Contexte et aspects des systèmes de production caractéristiques du système d’élevage intensif

Contexte et aspects des systèmes de production caractéristiques du système d’élevage intensif

Entre le monde paysan construit par dix mille ans de relations domestiques avec les animaux et le monde industriel dans lequel s’inscrivent aujourd’hui les productions animales, des éléments essentiels du travail avec les animaux d’élevage ont profondément changé. Etre paysan, comme l’écrivait Henri Mendras (1984), était un état. Etre agriculteur, être éleveur est devenu un métier. La zootechnie, née en France au milieu du 19ème siècle en même temps que se développait la société industrielle, a été un outil essentiel de ces transformations. L’idéologie du progrès qu’elle a véhiculée a permis d’imposer une idée de la modernité appuyée sur la science (notamment la biologie et l’économie) et la technique au service de la patrie et du progrès social (Dechambre, 1928; Diffloth, 1914; Gasparin, 1843; Laplaud, 1940; Sanson, 1858; Sanson, 1907). La relation de travail individualisée et familiale et la proximité avec les animaux d’élevage décrites par Keith Thomas (1983) ont cédé progressivement la place à un rapport instrumental. Les animaux d’élevage sont devenus, en théorie sinon dans les faits, des « » s’est faite avec l’appui des pouvoirs publics et des théoriciens de l’élevage (zootechniciens, enseignants, vétérinaires) qui ont permis l’entrée de l’industrie dans l’élevage (Augé-Laribé, 1950; Mayaud, 2002; Weber, 1983).

L’organisation du travail a ainsi progressivement été rationalisée (alimentation des animaux, logement, hygiène, reproduction,…). Ce n’est toutefois qu’après 1945, grâce à des innovations essentielles (notamment les antibiotiques et la synthèse de la vitamine D qui permettent de maintenir constamment les animaux dans des bâtiments), à des soutiens publics importants et à l’enrôlement d’une partie des agriculteurs dans le processus de « modernisation »1 que les filières de productions animales (filière avicole, filière lait, filière porcine, filière veaux de boucherie…) se sont construites en tant que telles et ont pris un véritable essor.
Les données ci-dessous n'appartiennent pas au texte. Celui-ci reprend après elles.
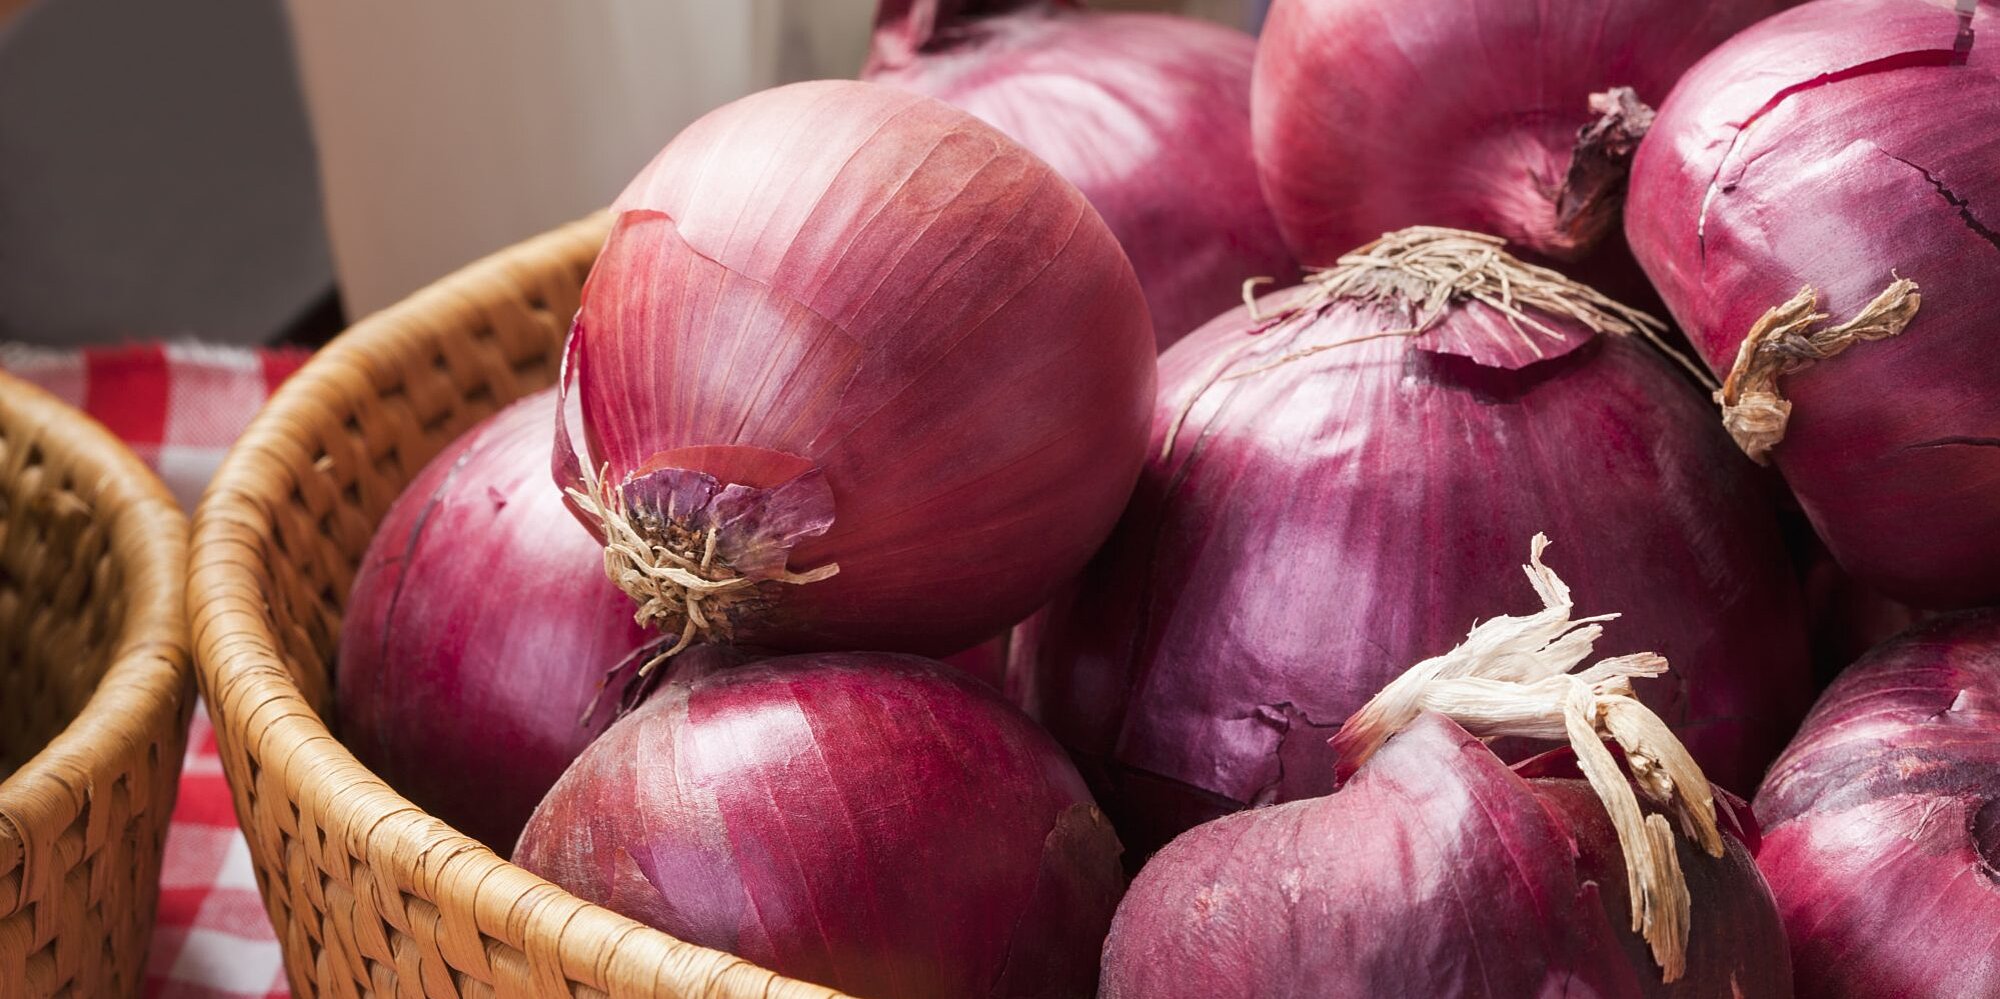 Salmonella outbreak linked to onions in the U.S

Le rapport des paysans aux animaux et à la nature est devenu un rapport de pouvoir appuyé sur la technique : « Aucune génération de paysans n’avait senti son pouvoir sur la nature grandir de façon aussi rapide et palpable » (Faure, 1966). Le premier plan quinquennal de modernisation et d’équipement de 1946, dit plan Monnet (1947-1952), a inscrit l’agriculture dans un projet économique global, basé sur une industrie moderne et puissante, et lui a fixé deux objectifs : d’une part retrouver dès 1950 les niveaux de production agricole d’avant guerre et satisfaire les besoins alimentaires de la population française sans recours aux importations et d’autre part développer les possibilités d’exportation.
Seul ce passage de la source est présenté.